However, at present, a complete and effective area water source identification technology method system has not been formed (Wang et al. 2001). Old empty water damage is a disaster caused by water flooding into the pit in the old empty area. It is the main type of major water damage accidents in China’s coal mines in recent years (Wu 2014). The occurrence of the old empty water damage is mainly caused by the water-proof coal (rock) column in the old empty area which is not enough to resist the water pressure after the excavation project.

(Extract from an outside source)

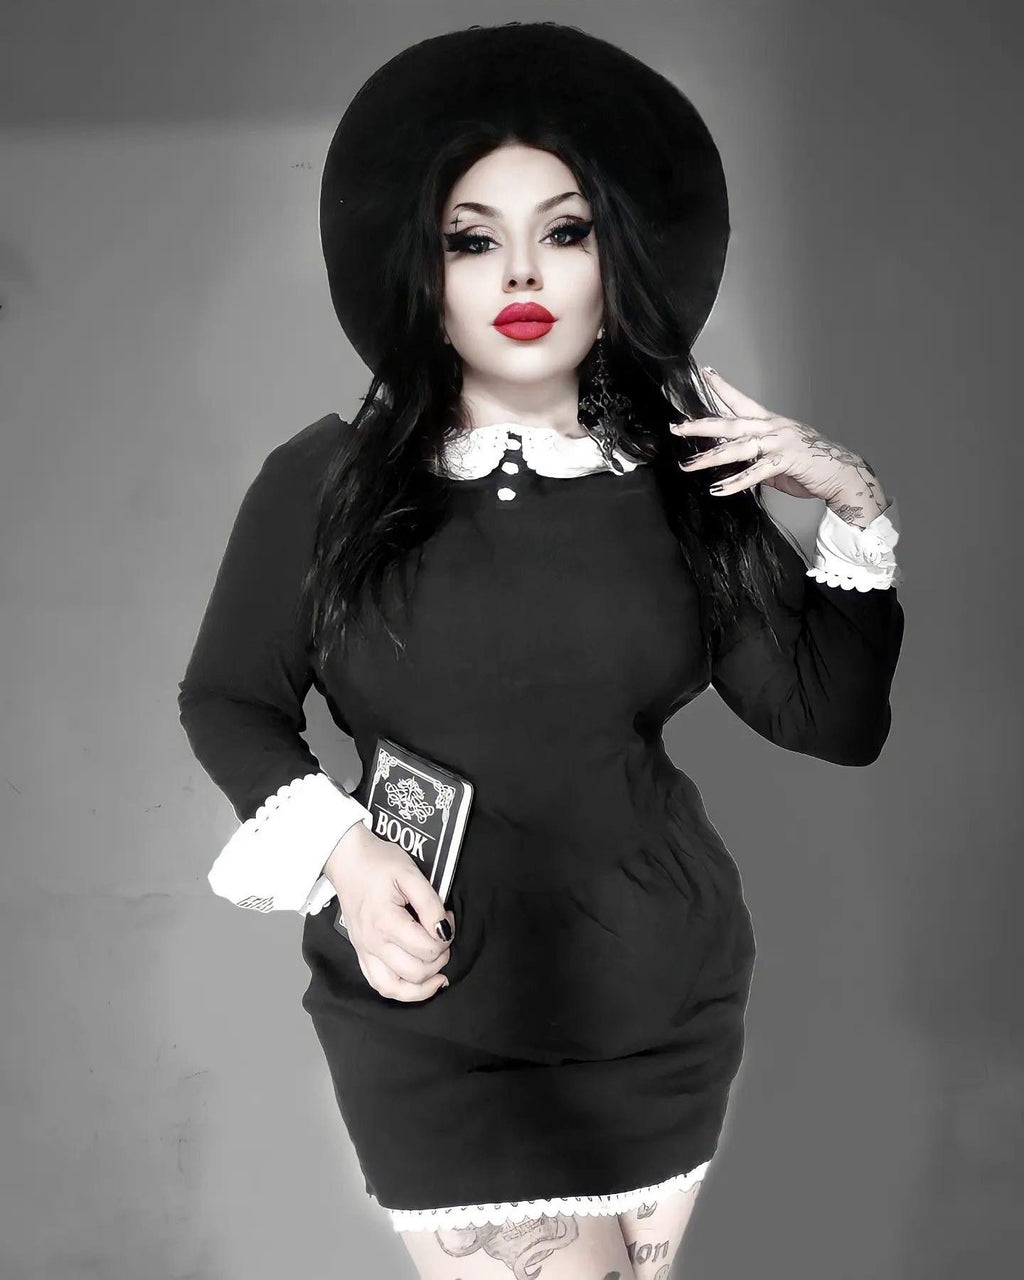 shop adorable ladies gothic fashion online

In summary, the method of identifying mine water sources involves multiple disciplines and fields and has developed from the traditional water quality type comparison method to a deep, systematic, and visual direction. In this paper, aiming at the problem that a large number of water inrush phenomena and complex aquifers occur in the old empty area of the 1303 working surface of Shandong Lilou Coal Mine, which makes it difficult to accurately identify the water source, the comprehensive water chemistry analysis method and the mathematical theory analysis method establish a multi-faceted identification system for the water inrush water source of the mine based on conventional ions, trace elements, and isotopes, which provides a new method for the prevention and control of mine water inrush.

Methods and materials

Study area

Lilou Coal Mine is located in the north of Juye coalfield, Heze in Shandong Province, China, and is a fully concealed Carboniferous–Permian coalfield in North China. In general, it is a monoclinic structure with a north–south strike and an eastward dip, and the secondary first-order wide fold is developed with a certain number of faults. At present, Shandong Lilou Coal Mine adopts fully mechanized top coal mining, main mining Permian Shanxi formation No. 3 coal seam, seam thickness 6.70 ~ 7.31 m, and average coal thickness 7.03 m. The coal seam inclination is 4 ~ 16° and average of 13°, seam floor elevation is − 994 ~—− 890 m, and coal seam buried depth is 1035 ~ 933 m. The average strike length of 1303 mine face is 2575 m (Fig. 1); the average tilt length is 243.7 m.

Fig. 1

Location and stratum of Lilou Coal Mine

On October 1, 2019, 1303 face propulsion speed 1.6 m/day. In the process of mine face propulsion, large area water gushing occurs in goaf. Up to January 10, 2020, when the mine face advances to 155 m, the water inflow reaches 1600 m³/h. According to the regional hydrogeological data, the main mine aquifers from top to bottom are Quaternary sandstone aquifer, Neogene sandstone aquifer, Permian Shihezi formation sandstone aquifer, Permian Shanxi formation sandstone aquifer, Carboniferous Taiyuan formation 3rd and tenth limestone aquifers, and Ordovician limestone aquifer (Fig. 1), among which Shihezi formation sandstone aquifer, Shanxi formation sandstone aquifer, and Taiyuan formation the 3rd limestone aquifer are the main mine inrush aquifer.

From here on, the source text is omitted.